Tangerine Tango. It’s bold, it’s exciting; it’s probably one of those colors you either love or you hate. But whether you like it or not, Pantone has named this vibrant shade its official color of the year, which — considering the influence of Pantone, a widely regarded authority on color — means you’ll probably soon be seeing it in retail venues and storefronts across the nation.

When I told Pantone color forecaster Keith Recker I thought the color was fine, but, unfortunately, it was probably the least flattering color combined with my rather bland complexion, he seemed to understand.

“I know,” laughed Recker, whose skin has a similar pigmentation. “Who looks good in tangerine?”

We agreed that Tangerine Tango is a color you either have to have really dark features for or be super-pale to pull off.

“But that’s part of the message,” he continued. “We are operating on two extremes these days. It’s either super expensive, or it’s a bargain. You’re either on the left, or you’re on the right.”

For Recker, as well as the color professionals at Pantone who boldly predicted 2012 as the year of vibrant orange, selecting colors to characterize the entire year takes more than a hunch and intuition.

When selecting colors to represent a given year, Recker, who works from an office in the Loeffler building on Bay Street in Sag Harbor, begins far away from the color wheel. Instead, he gathers information from such sources as current events, hot topics, fashion trends and pop culture. In essence, he tries to take the pulse of the nation far in advance to get a good grasp of what the most prominent issues will be during the course of the year.
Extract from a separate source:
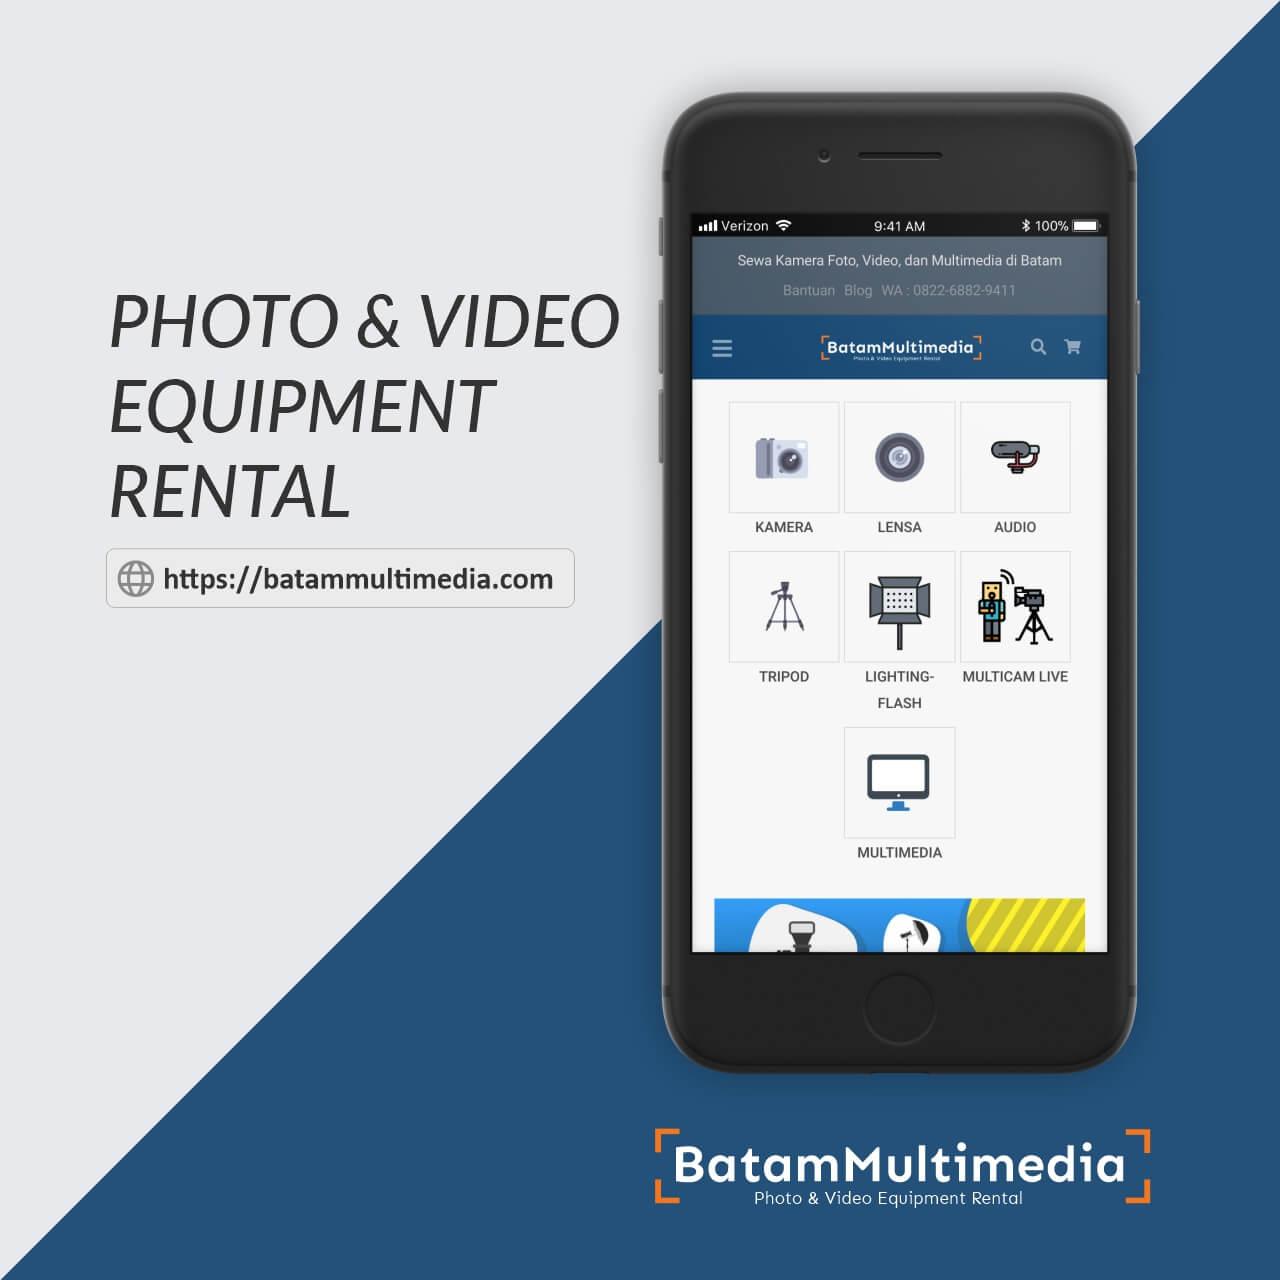 Rental Sewa Kamera Multicam Lensa di Batam

To these trends and events he assigns emotion, and to these emotions he then attaches color.

For instance, Recker said this year will largely be defined by the 2012 election.

“This color talks to the heated debate we’ll be seeing in 2012,” he explained. “Tangerine Tango is definitely a warning, super-bright, keep-you-on-your-toes color.”
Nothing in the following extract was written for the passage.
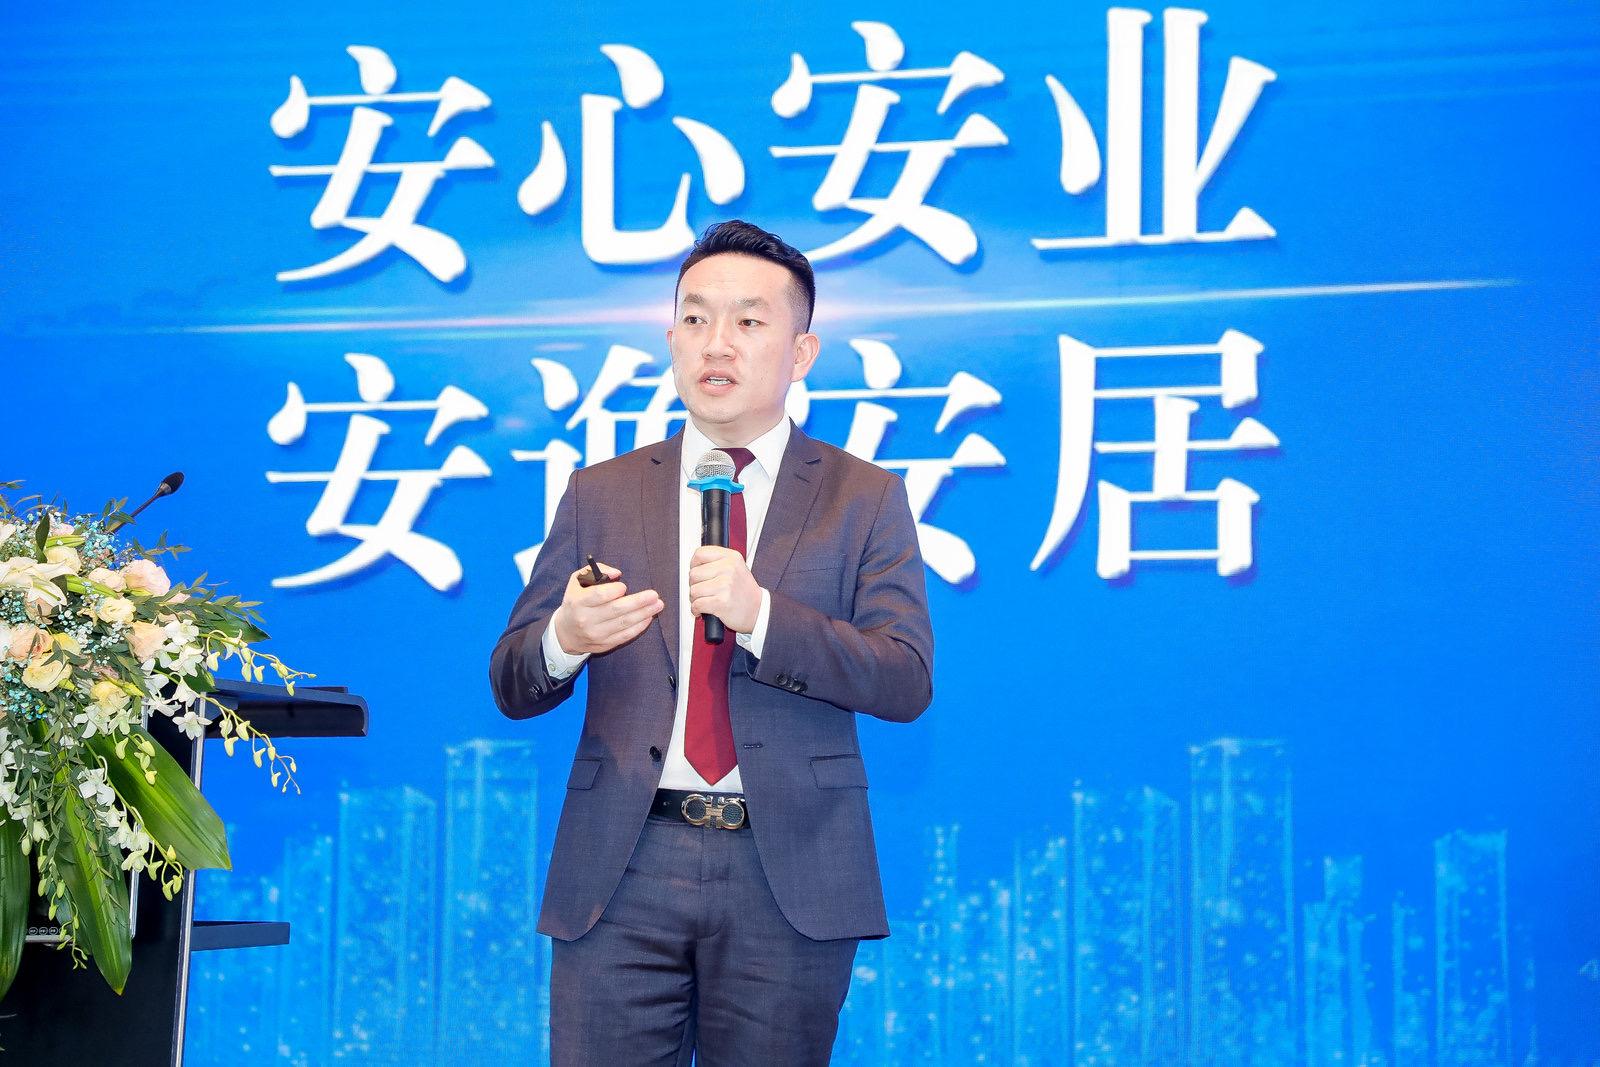 遂宁市安居区2020年城市价值营销暨产业招商推介会6

The bold, radical hue, Recker said, could “propel you into achieving more and being more inventive.”

(Just to clarify: Recker was not directly involved with selecting Tangerine Tango as the color of the year, but he stands by Pantone’s decision to single it out. As a color forecaster who works for companies, including Pantone, Recker himself puts together a more wide-ranging handful of color palettes for the year. But, tangerine just so happens to fit in with the gist of his own forecast.)

But if orange is not your thing, have no fear: 2012 is about duality. To better characterize this idea, Recker hand selected two unique color palettes for The Sag Harbor Express, each made up of color swatches culled from the comprehensive color forecast he submitted to Pantone for 2012.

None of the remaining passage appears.